I wanted to share with our readers two encouraging recent pieces of news from the US that demonstrates a commitment towards building more friendly workplaces for mothers. The first is that through “Obamacare” (within the Affordable Care Act) there is a provision requiring insurance companies to cover breast pumps and visits to lactation consultants at no cost to the patient. The second (and peculiar) news is the opening of a lactation room at the White House, because it is an employer with more than 50 workers.
According to the CDC, lactation rooms have become popular in the US because “mothers are the fastest-growing segment of the U.S. labor force“. Approximately 70% of employed mothers with children younger than 3 years work full time. One-third of these mothers return to work within 3 months after giving birth and two-thirds return within 6 months. Moreover, the CDC reports that “working outside the home is related to a shorter duration of breastfeeding, and intentions to work full-time are significantly associated with lower rates of breastfeeding initiation and shorter duration”
Recent research shows that if 90 percent of US mothers breastfed exclusively for 6 months, around 1,000 infant deaths could be prevented every year. The United States would also save $13 billion per year as medical care costs are lower for fully breastfed infants than never-breastfed infants.
In the medium term, breastfeeding contributes to a more productive workforce since mothers of children who were breastfed are likely to miss fewer days of work to care for sick infants. Today, I want to talk precisely about the potential of breastfeeding-friendly work environments to boost both productivity of the mother and the health and nutrition of the child. The evidence-based knowledge about the benefits of breastfeeding for the work productivity and health of mothers is well-recognized and indisputable. Breastfeeding is an essential part of the overall reproductive cycle, producing a faster recovery from pregnancy. It helps shrink the uterus back to the size it was before pregnancy and it helps to lose weight because of the extra calories the body needs to support breastfeeding. It lowers the risk of postpartum depression, and breast and ovarian cancer, as well as helping prevent osteoporosis later in life. A healthy, stress-free mother who can be on task means an employee who is absent less often and able to contribute more productively to her workplace. Breastfeeding will also decrease employee absences associated with caring for a sick child since it has important short- and long-term health benefits for children. Breastfed infants typically need fewer sick care visits, prescriptions, and hospitalizations.

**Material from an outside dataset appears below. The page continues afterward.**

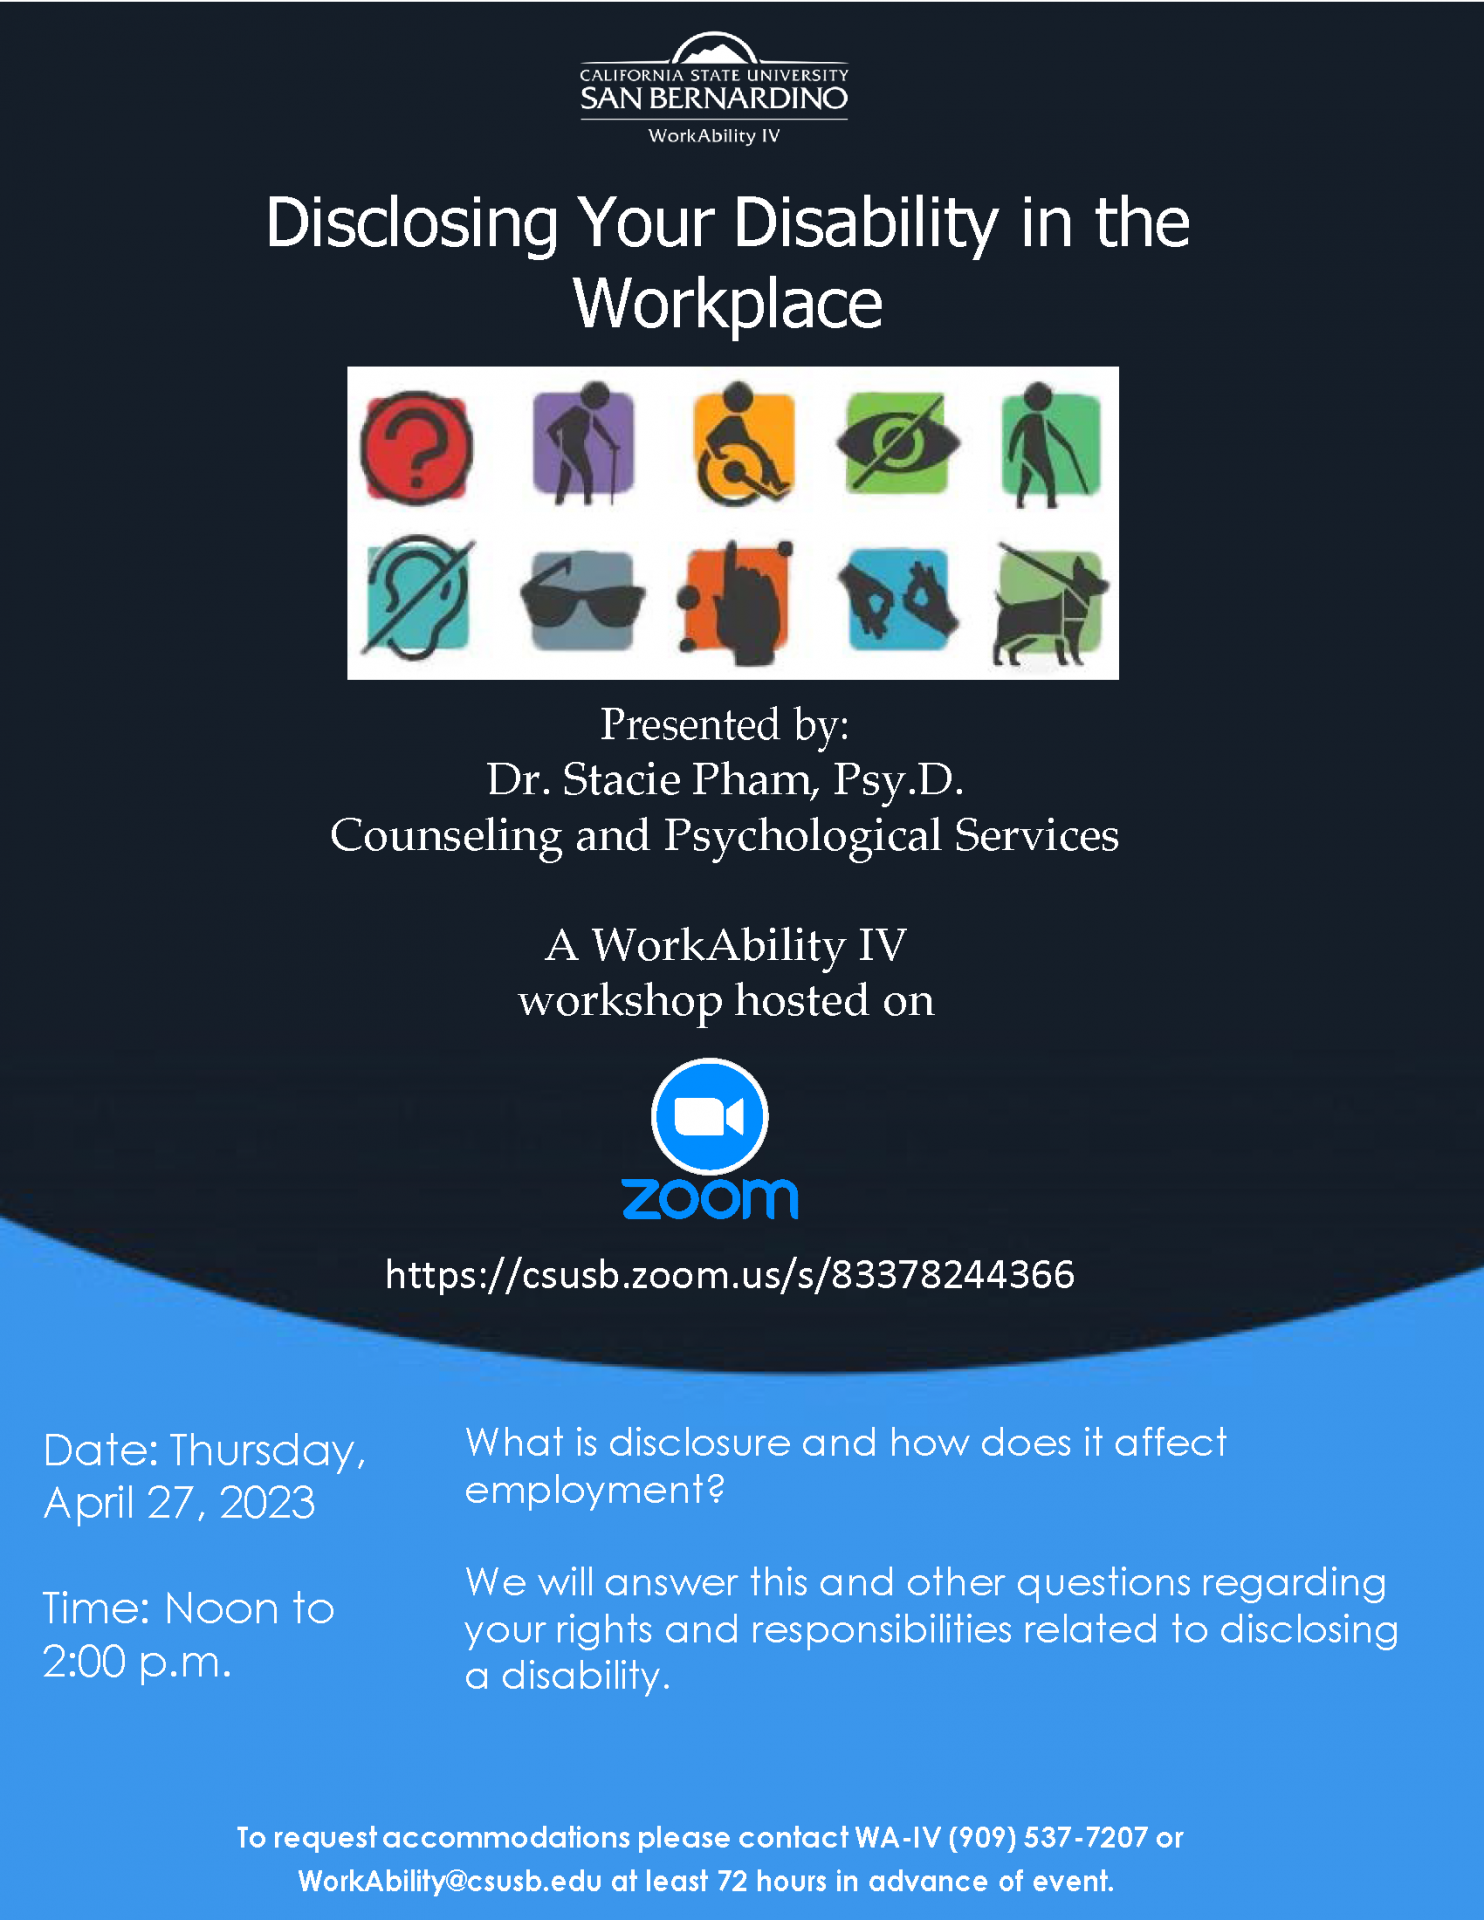 Image of WorkAbility IV Workshop flyer

One of such work-life balance policies is related to setting a lactation room in the workplace. A lactation room is defined by Wikipedia as “a private room where a breastfeeding woman can use a breast pump in private one or more times a day”. However, some lactation rooms also accommodate for bringing the child to breastfeed during working hours. Lactation rooms at the workplace break a huge barrier and are a clear sign of employers’ efforts to create a more supportive workplace for women. The provision of a fully equipped (i.e. sink available to clean parts, fridge to store milk, a hospital grade pump for women to share, numerous electrical outlets and a comfortable sofa plus small table), private and convenient space to extract milk is certainly a major determinant to employees’ ability to continue breastfeeding and continue supplying this important source of nutrition to their infants upon returning to work.
In the US employed mothers breastfeed at a rate 15 percent lower than that of unemployed mothers. The lack of a secure and appropriate space for extracting, sometimes the traveling, the stress, the deadlines and the lack of time are some of the main reasons. Even if these rooms are available, other factors might impede breastfeeding in the workplace. Among them, the lack of time for mothers to extract milk during their work day, or the requirement for breastfeeding mothers to engage in travel (see another posting on this soon).

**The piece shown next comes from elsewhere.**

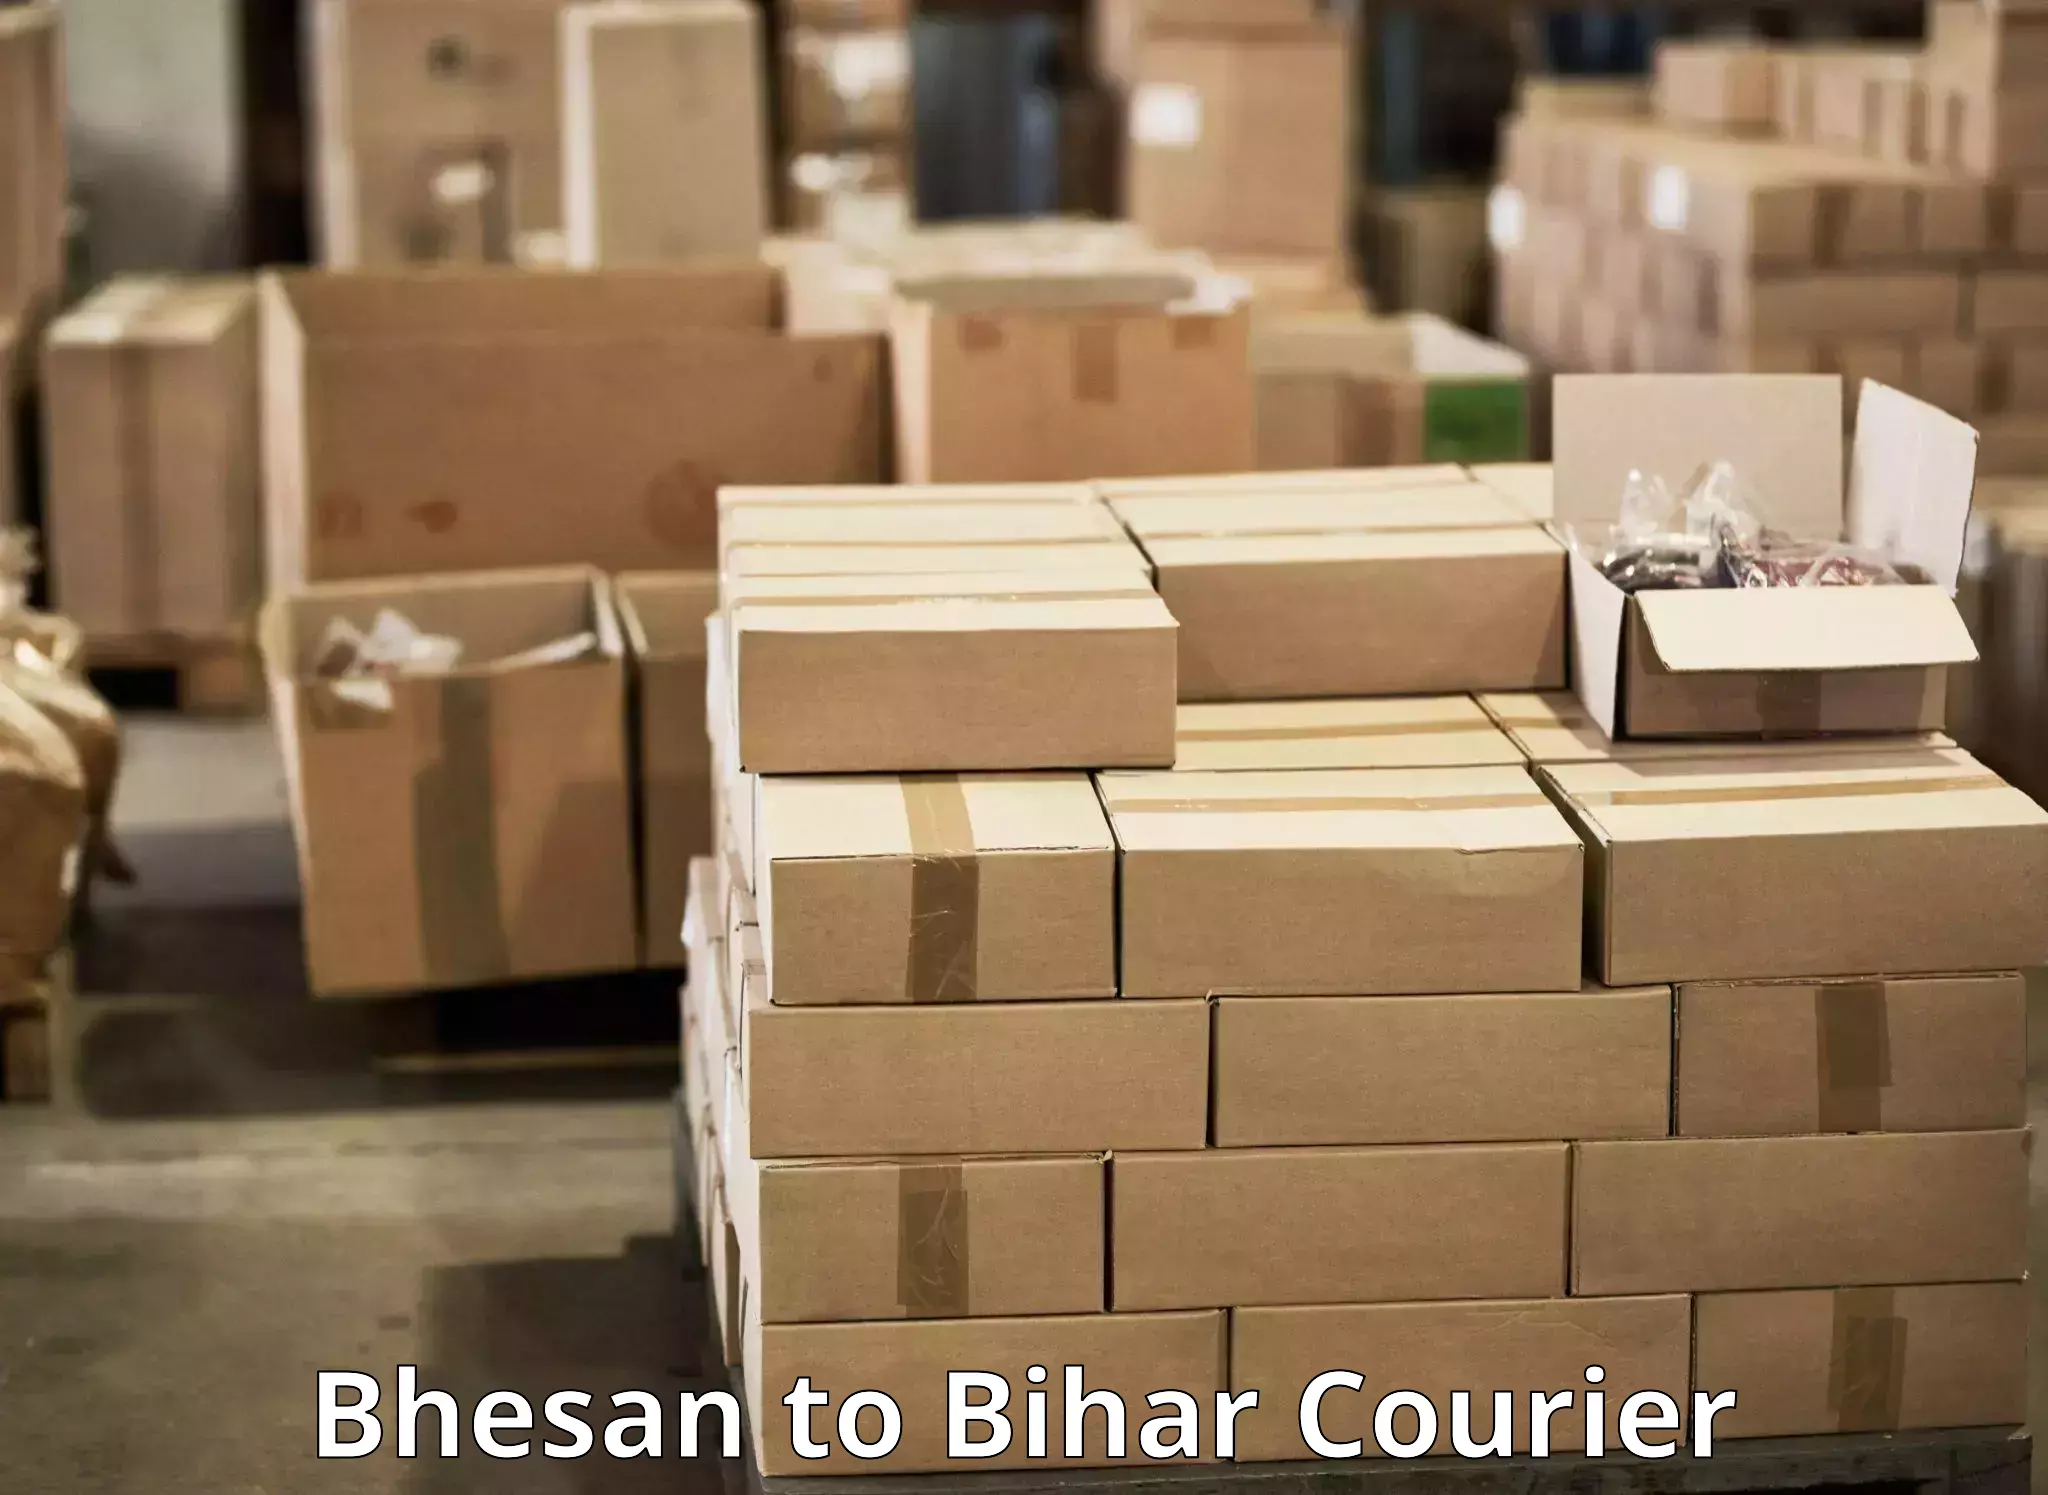 Nationwide courier service Bhesan to Muzaffarpur

The legislators who drafted this battled with issues of public spending, but there is one consequence they didn’t foresee: a boom in demand for breast pumps that has left some retailers scrambling. In any case, if retailers have to struggle a bit, this is great news for poor mothers not being able to pay the approximately US$ 300 of an electric double pump. Of course, there are manual pumps and hospital grade pumps for hire or for sharing. In the case of sharing hospital grade pumps, the milk collection kits are only $40 each. Whether all poor mothers have health insurance or not is another issue for an even longer post, but Obamacare’s goal is to provide affordable health insurance for all US citizens under his mandate which means that all poor mothers shuld be benefitting from this sooner or later.

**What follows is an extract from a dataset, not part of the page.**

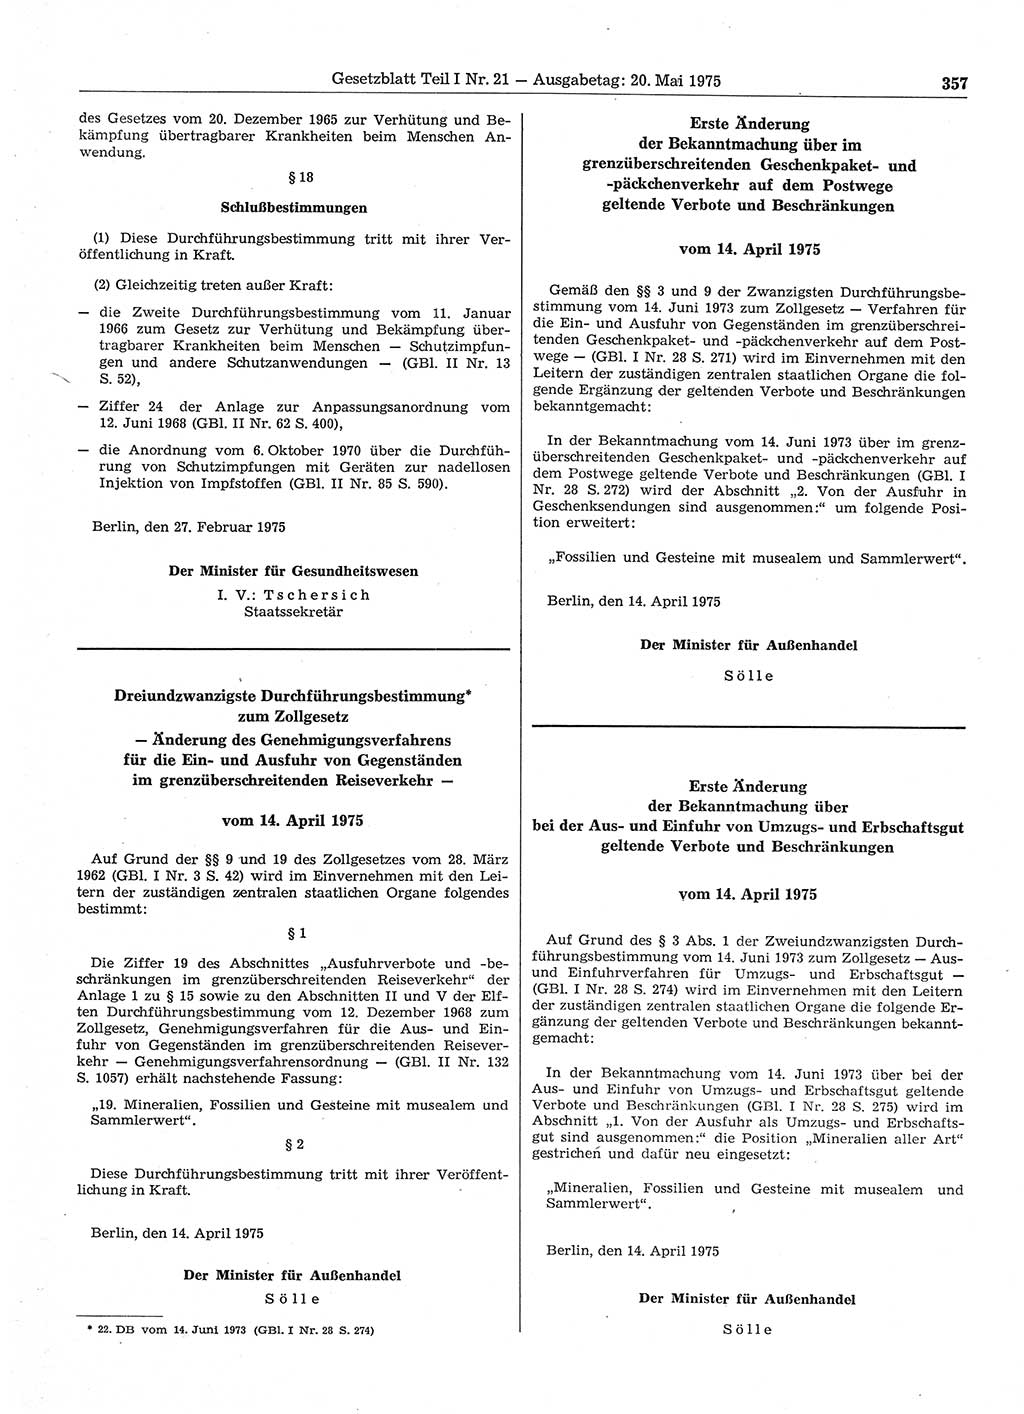 Gesetzblatt (GBl.) der Deutschen Demokratischen Republik (DDR) Teil Ⅰ 1975, Seite 357 (GBl. DDR Ⅰ 1975, S. 357)

Still, combining the required access to lactation rooms with insurance coverage of breast pumps, the Institute for Women’s Policy Research expects still a modest impact. They estimate that the breastfeeding rate will rise from 44.5 to 47.5 percent due to these changes. These progressive policies are encouraging, and our region can learn from them, adapt them and import them quickly. Peru and the Ciudad de Buenos Aires have recently changed legislation to allow for a lactation room, but it seems there is still some room for advancement on this front. I am also sure the unemployed, self employed mothers; or those mothers employed in the informal sector in our region are also facing hardship finding the time to breastfeed, but unfortunately there are no figures from our regions on these differential breastfeeding rates by occupation.